A cure? Like, I don’t have to be stuck this way forever?
She continues, “We’ve cut a deal with Howell. We’re going on a trip up north to a research facility.” She steps close to me and reaches out tentatively, waiting to see if I’ll bite. “Honey, I asked Kenzo to infect me because I didn’t want to leave you. But I never wanted this life for you.” She catches the lone tear as it drips down my cheek. “Please, Lori. I’m sorry. It’s my fault, not his. You need to forgive him.”
When Trey told me my mother was still alive, I imagined a heartfelt reunion, hugs and tears. Instea
d, I’m left feeling cold right down to my bones. She’s not my mother anymore, just as I’m not her daughter. We’ve… changed.
I refuse to look her in the eye, and eventually, she gets the hint. She gives a small nod and steps back. Trey steps into my side, but even his presence sets me on edge.
I try to remember what it felt like to be human. To find comfort in Trey’s touch, in my mother’s embrace. I ache for some kind of relief. But there’s nothing now. No escape from the itching I feel beneath my skin. The undying thirst clawing at my throat. The sensations are flooding my brain, the scents, the sounds, even the very air surrounding me vibrating against my hypersensitive skin. I can tell that the sun outside has crested the horizon. I know with certainty that I could track its position across the sky without even laying eyes on it, and that I would know the precise minute it was safe for me to step outside.
My mother and Trey share a look, and I hate that it’s familiar. They used to give me those looks, but now it’s like a foreign language to me. I can’t read these reptilian features, their black eyes. I ball my fists at my side, my claws pressing into my palms but not penetrating the armor-like skin. “If you’ll excuse me,” I spit out, “I have better things to do than stand around awkwardly trying to force chitchat with the people I used to care about.”
My mom’s breath catches as I storm off down the hall, but I tell myself that her hurt feelings don’t matter. I feel like a hormonal teenager all over again, except worse. Now I have super strength and an unquenchable thirst. Now, a temper tantrum could turn this city into rubble.

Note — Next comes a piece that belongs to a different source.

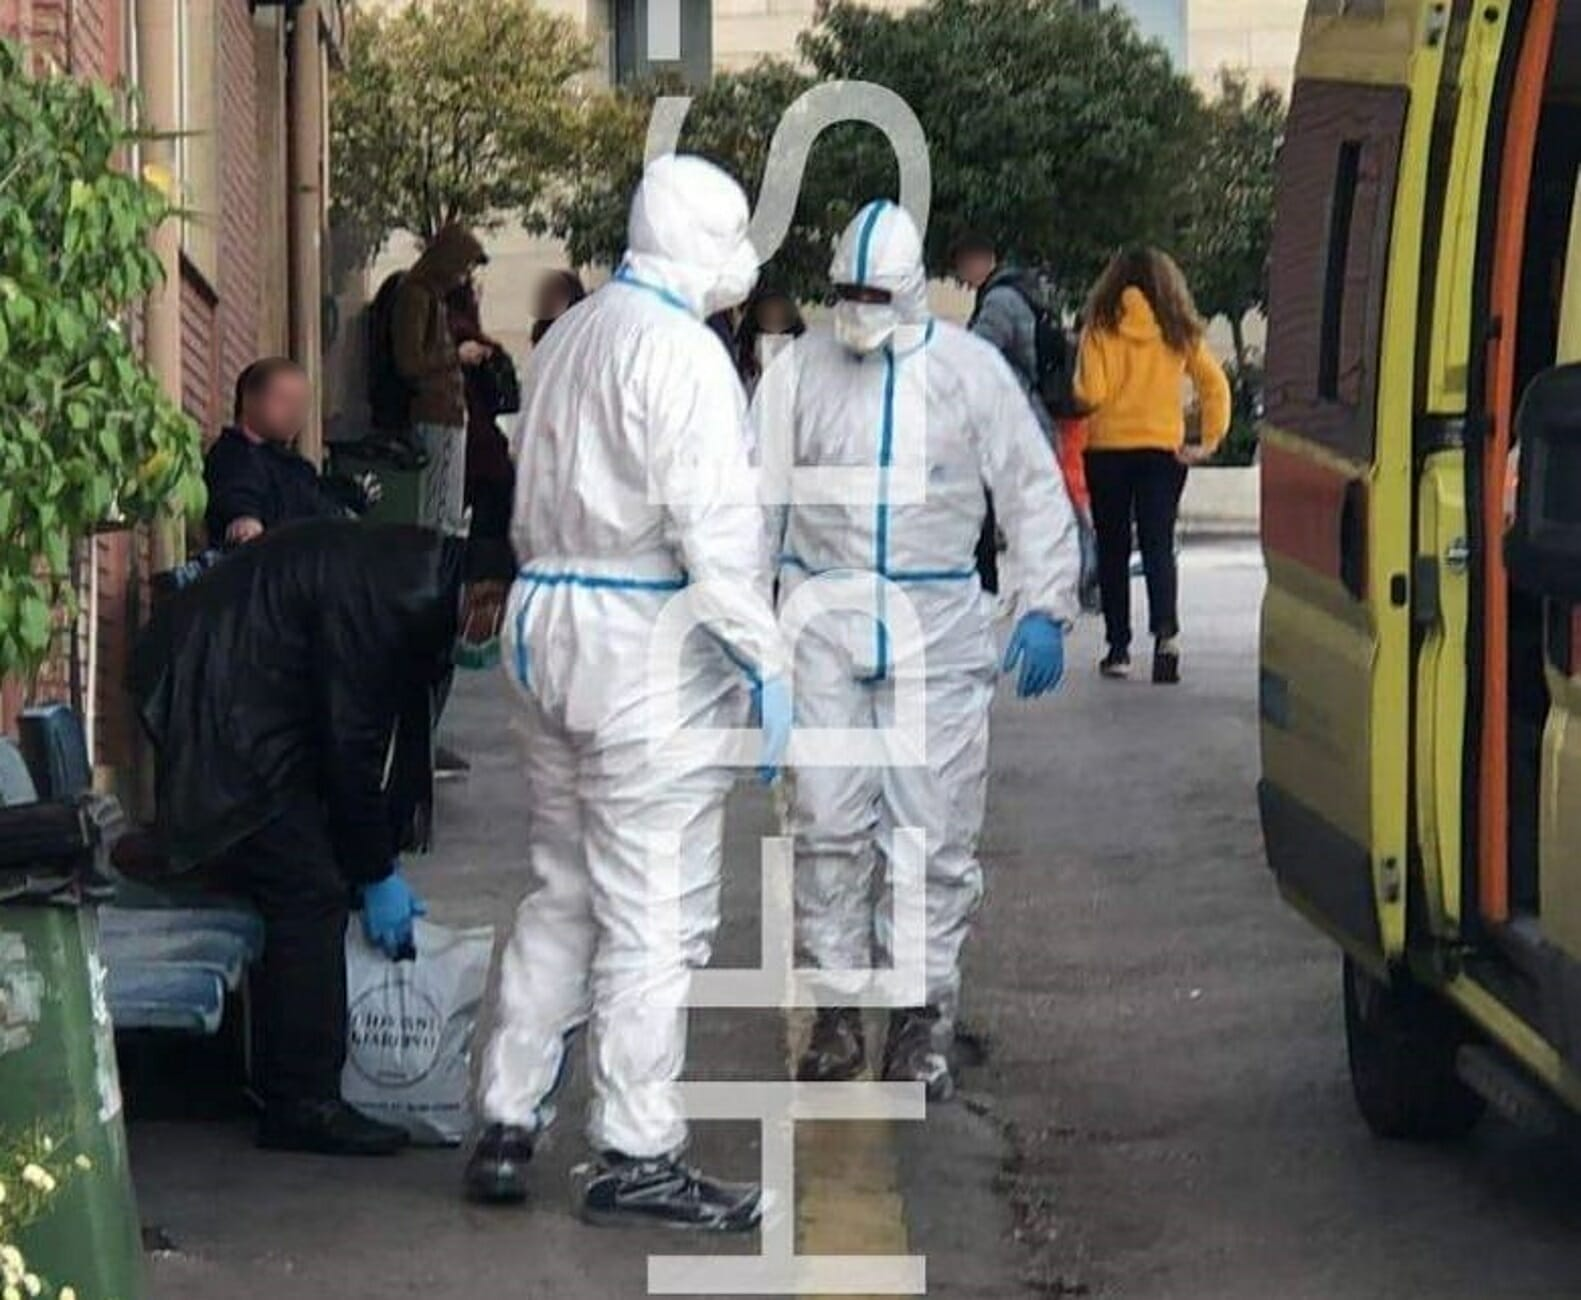 Κορονοϊός: Από τα ΚΤΕΛ στο νοσοκομείο! Συναγερμός για νέο ύποπτο κρούσμα στην Πάτρα (Φωτό)

A tiny voice niggles at the back of my mind, reminding me that the thirst isn’t unquenchable… It was quite satisfied after tearing those people limb from limb. After Brent—Nope! Not ready to unpack that meltdown waiting to happen.
I cover my ears and hold my breath. I run through the labyrinth of hallways in the opposite direction of Kenzo. It’s just safer for everyone if I don’t kill the only man who may be able to save us all.